## Work instructions
The reply should be an exact repeat of the listing, with no pictures in it.

## Dataset content

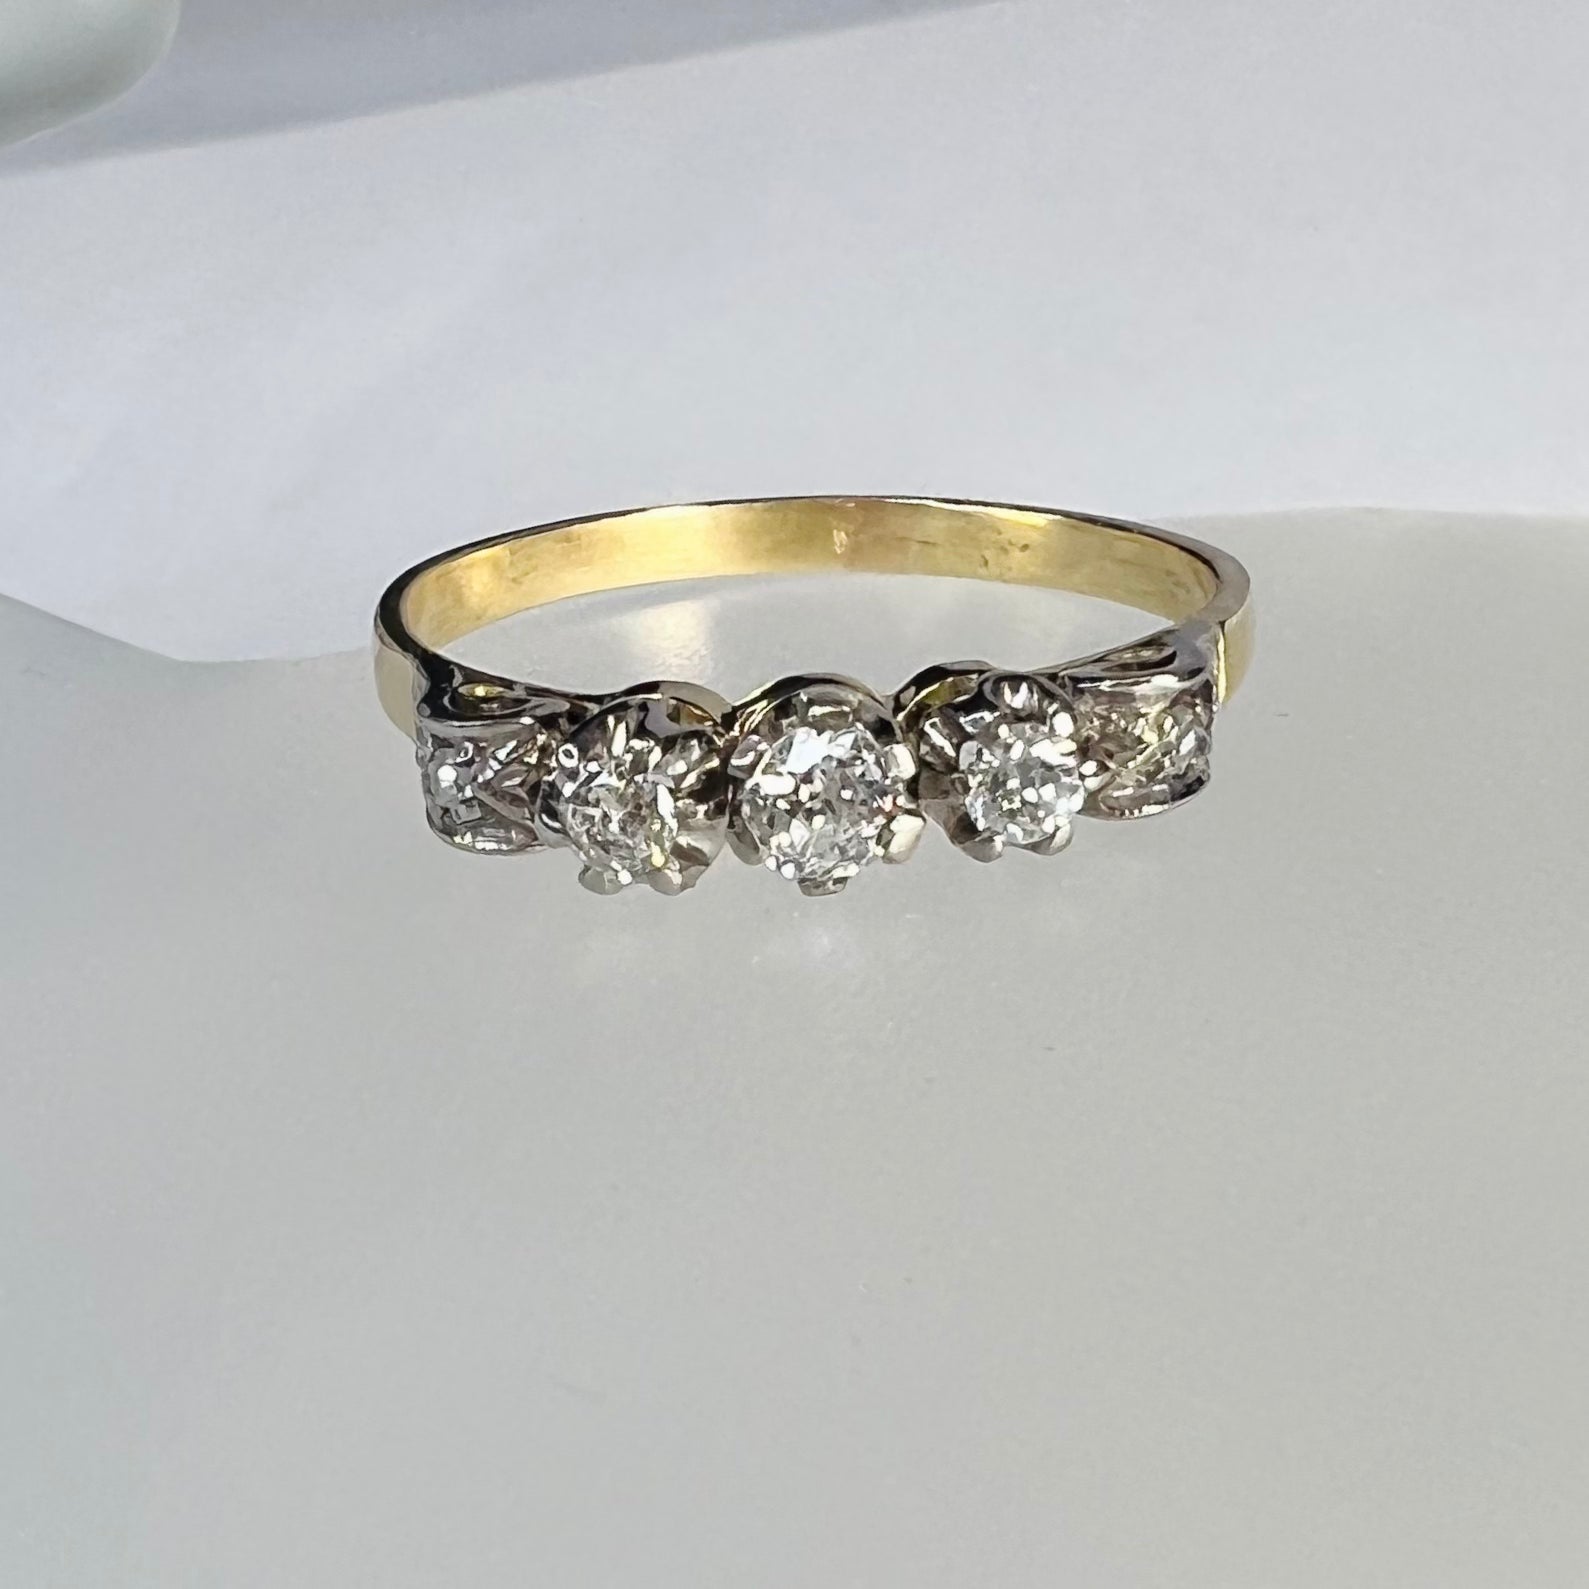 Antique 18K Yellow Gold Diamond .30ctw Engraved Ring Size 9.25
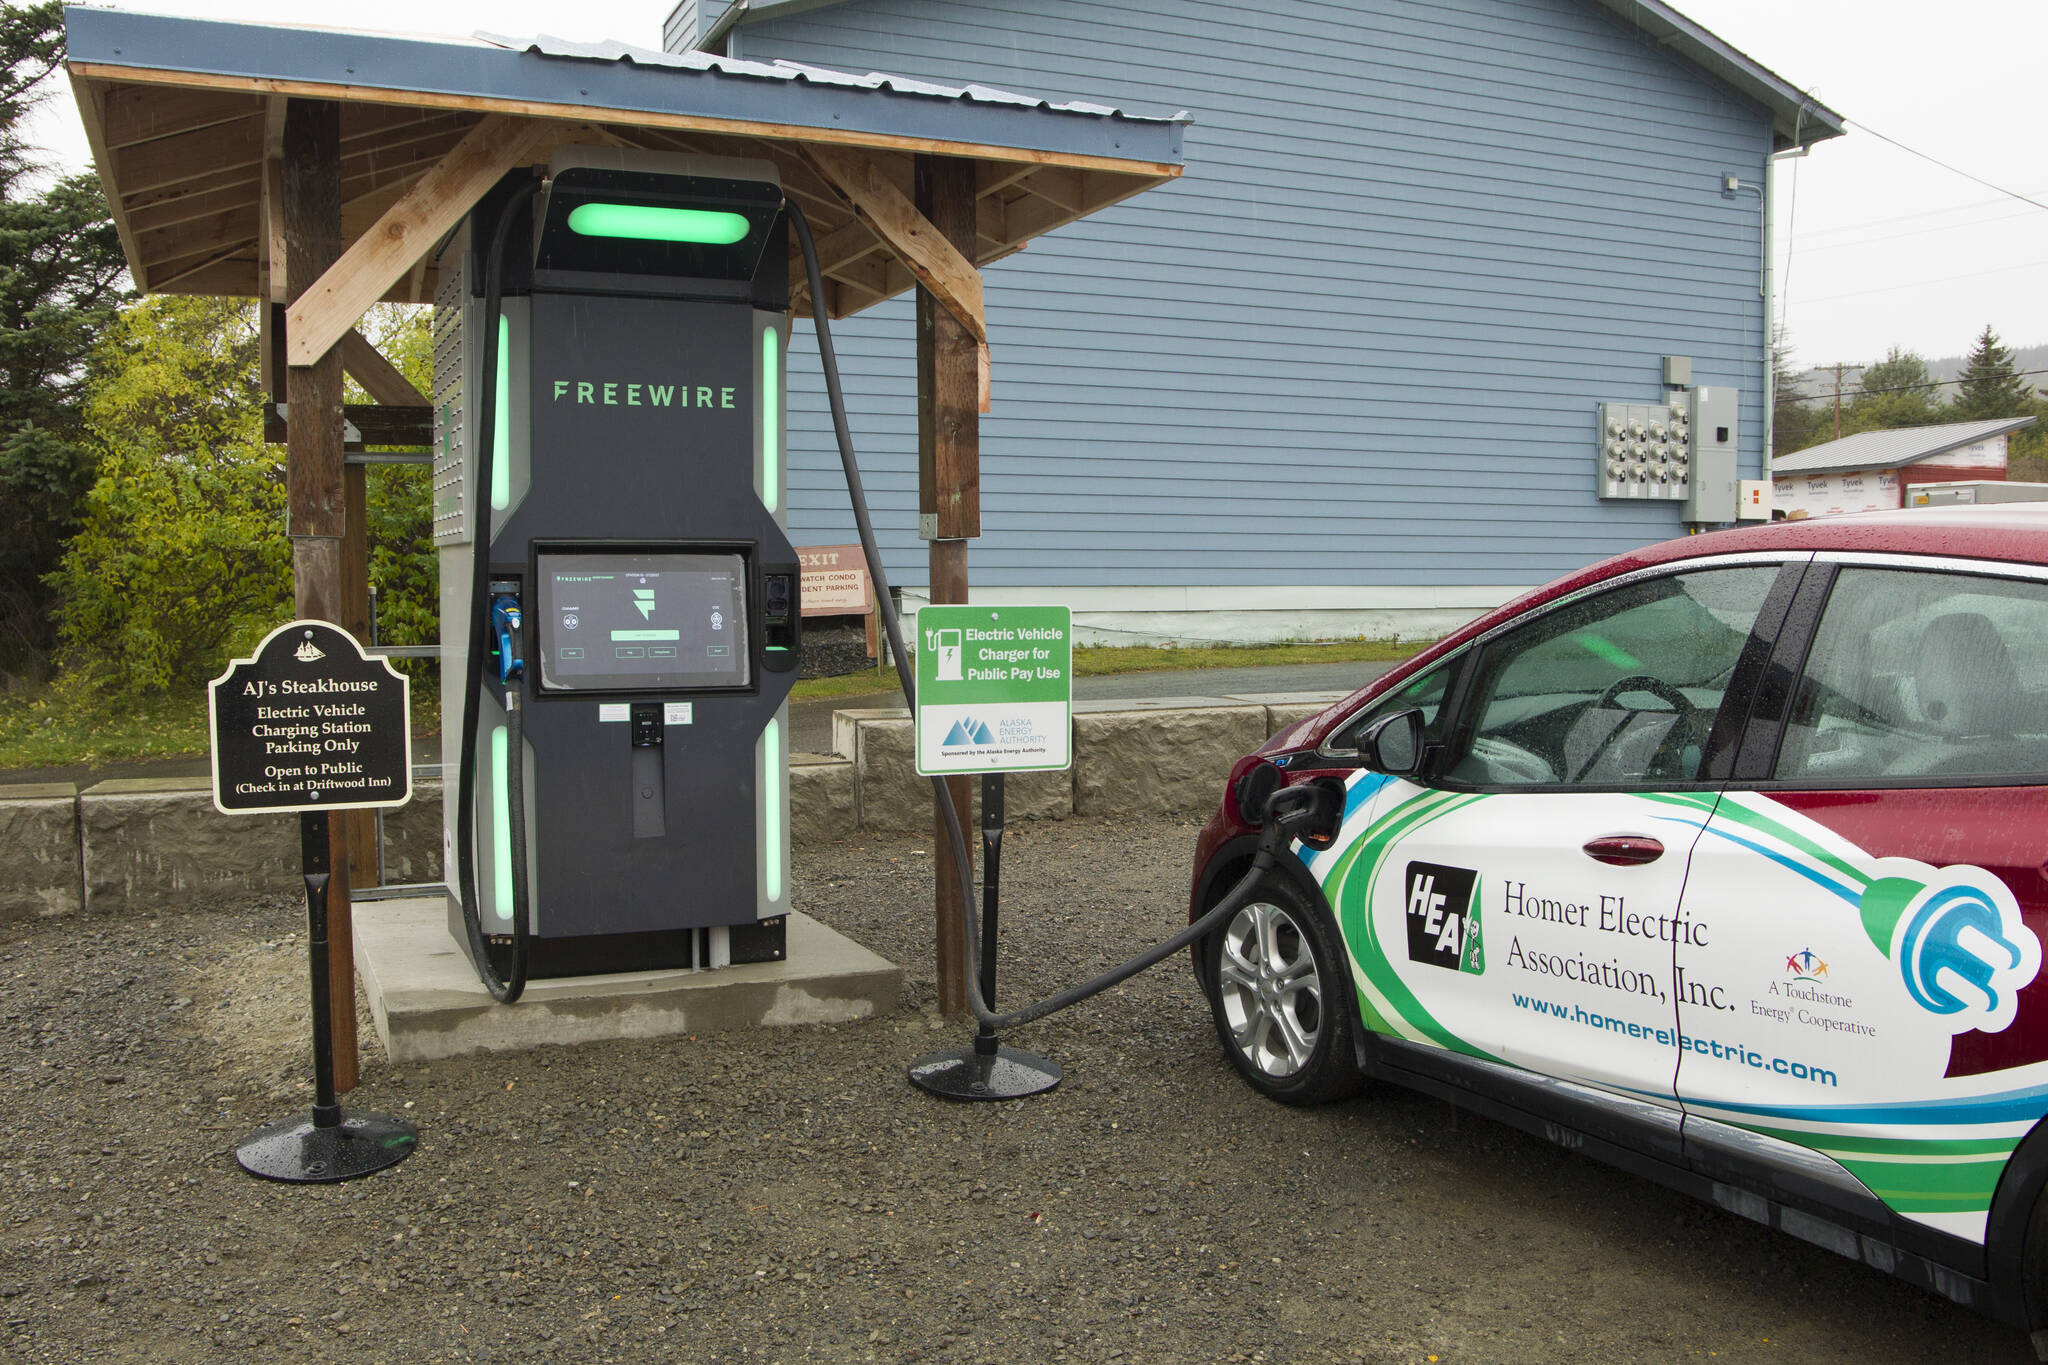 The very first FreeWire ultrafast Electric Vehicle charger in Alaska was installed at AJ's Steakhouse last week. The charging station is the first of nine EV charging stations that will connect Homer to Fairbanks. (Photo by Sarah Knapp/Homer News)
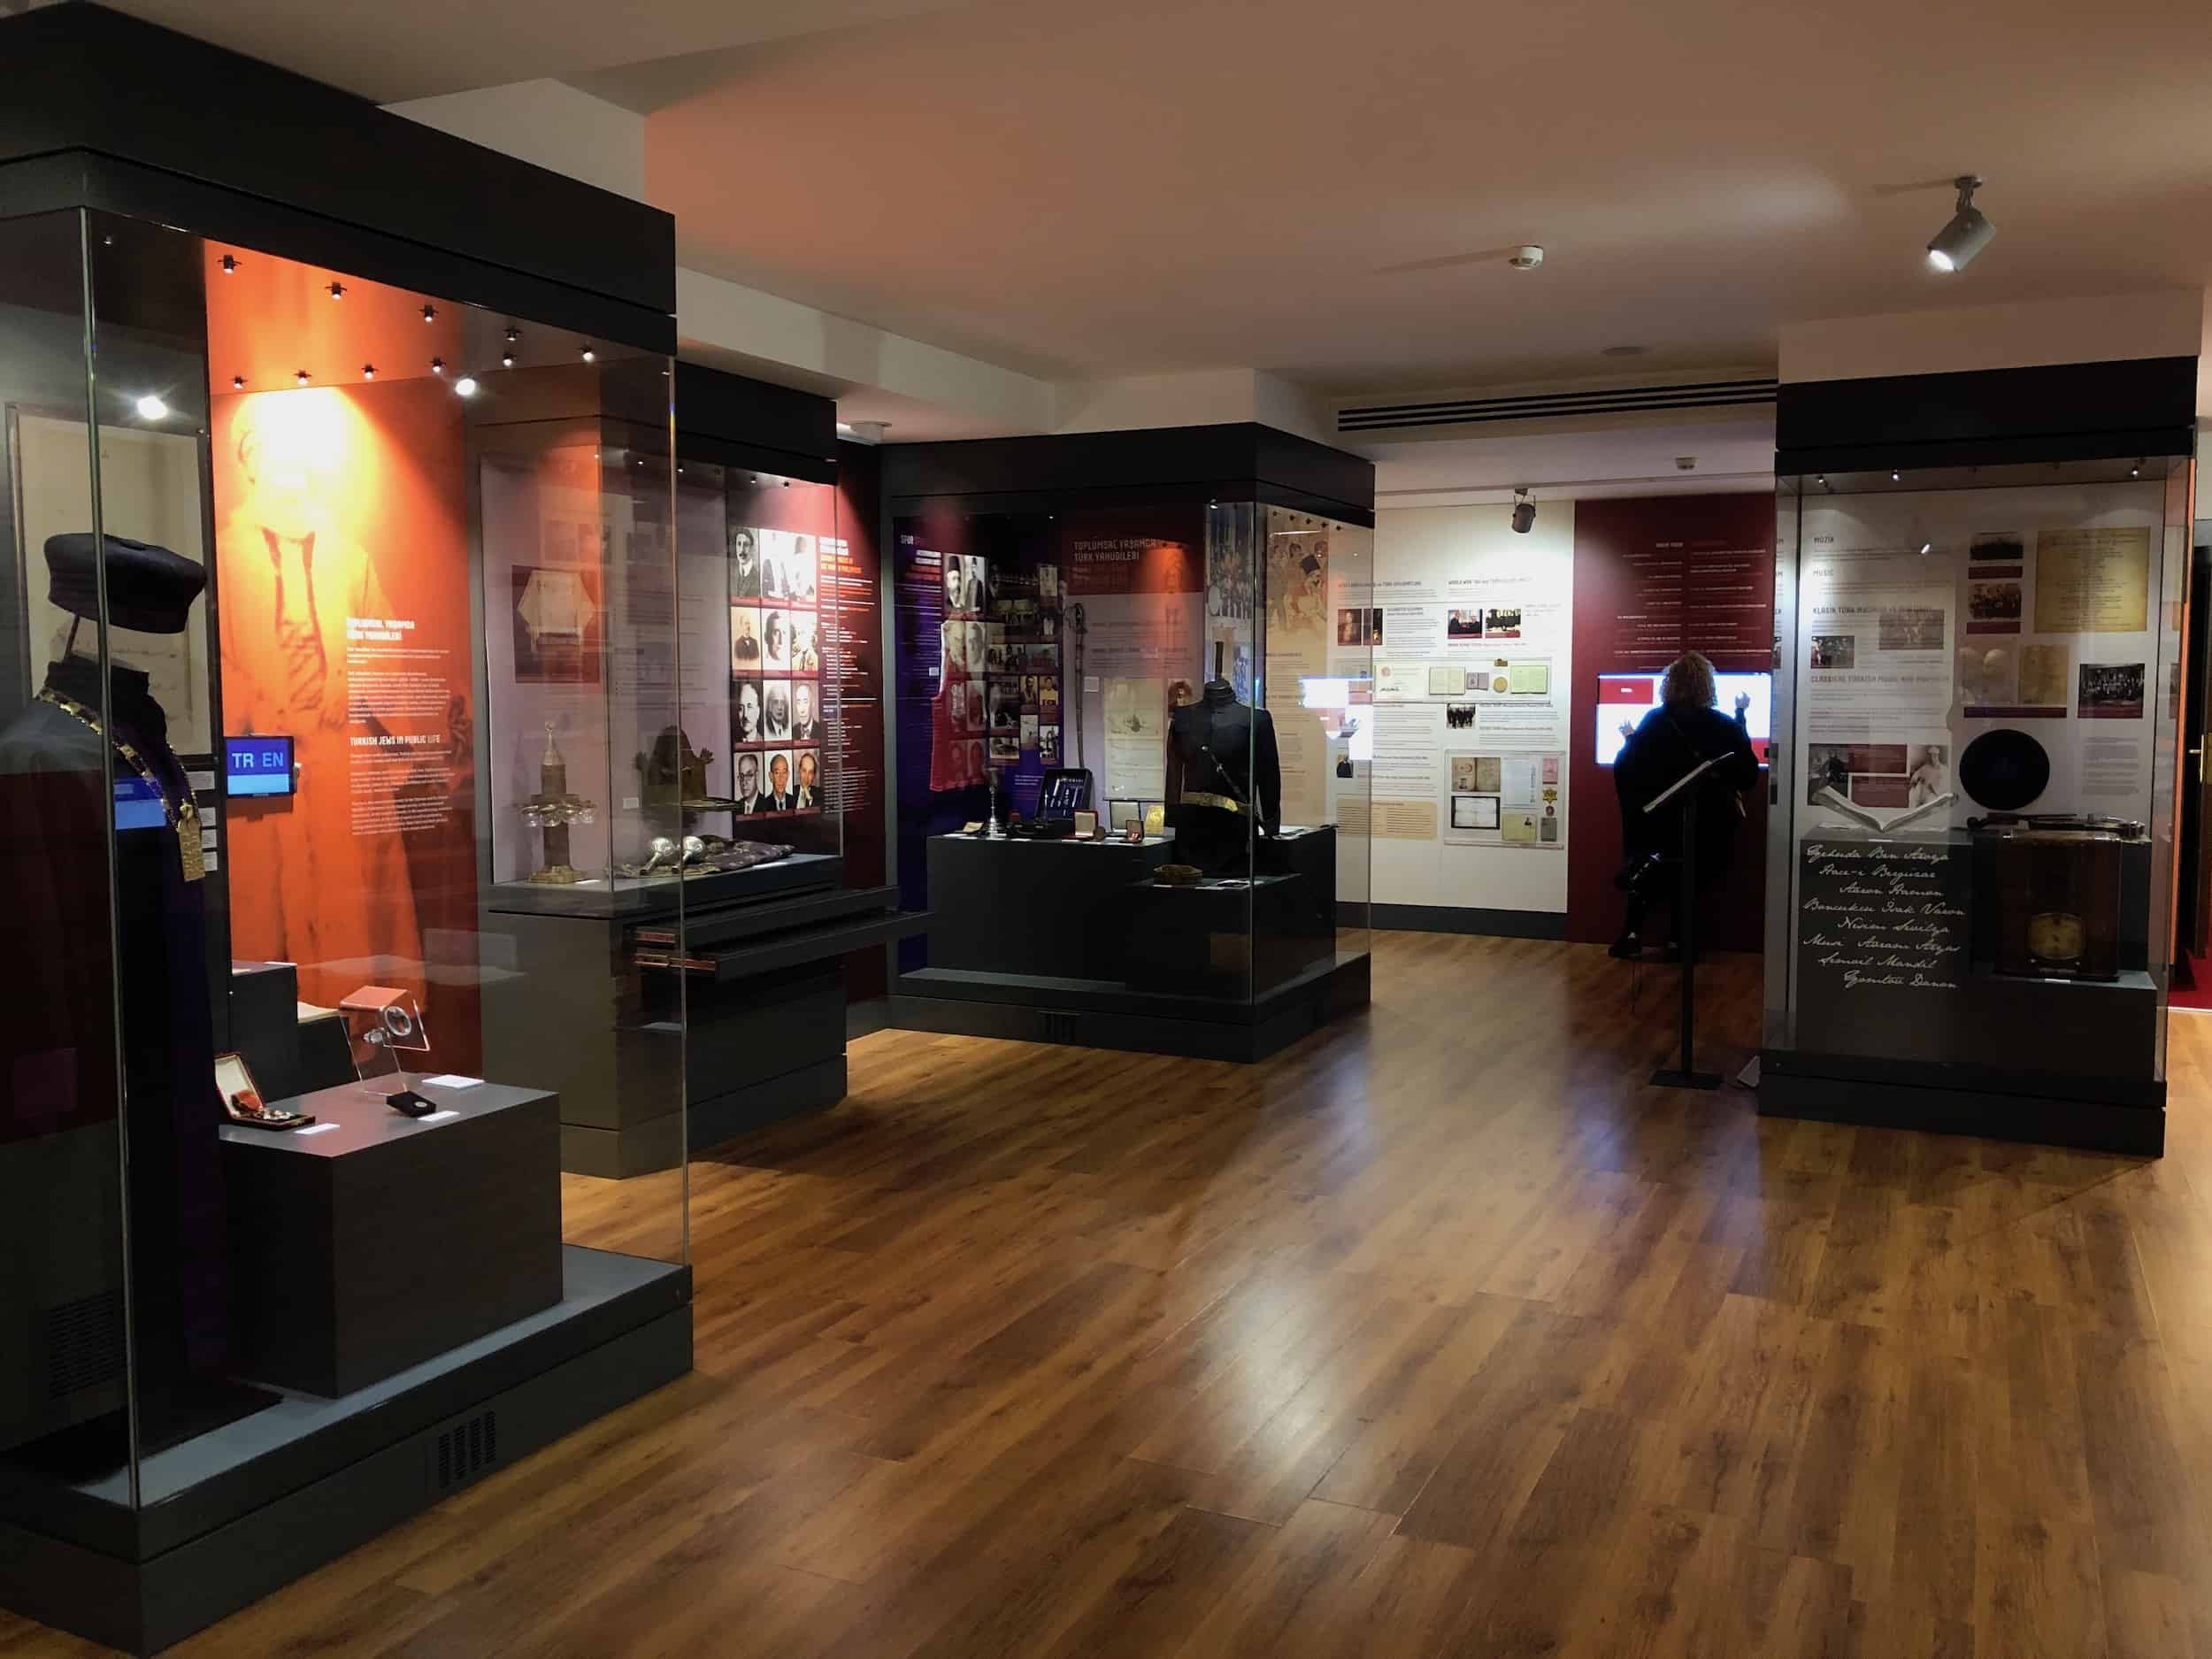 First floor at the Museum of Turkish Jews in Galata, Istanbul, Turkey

## Result
 Antique 18K Yellow Gold Diamond .30ctw Engraved Ring Size 9.25
 The very first FreeWire ultrafast Electric Vehicle charger in Alaska was installed at AJ's Steakhouse last week. The charging station is the first of nine EV charging stations that will connect Homer to Fairbanks. (Photo by Sarah Knapp/Homer News)
 First floor at the Museum of Turkish Jews in Galata, Istanbul, Turkey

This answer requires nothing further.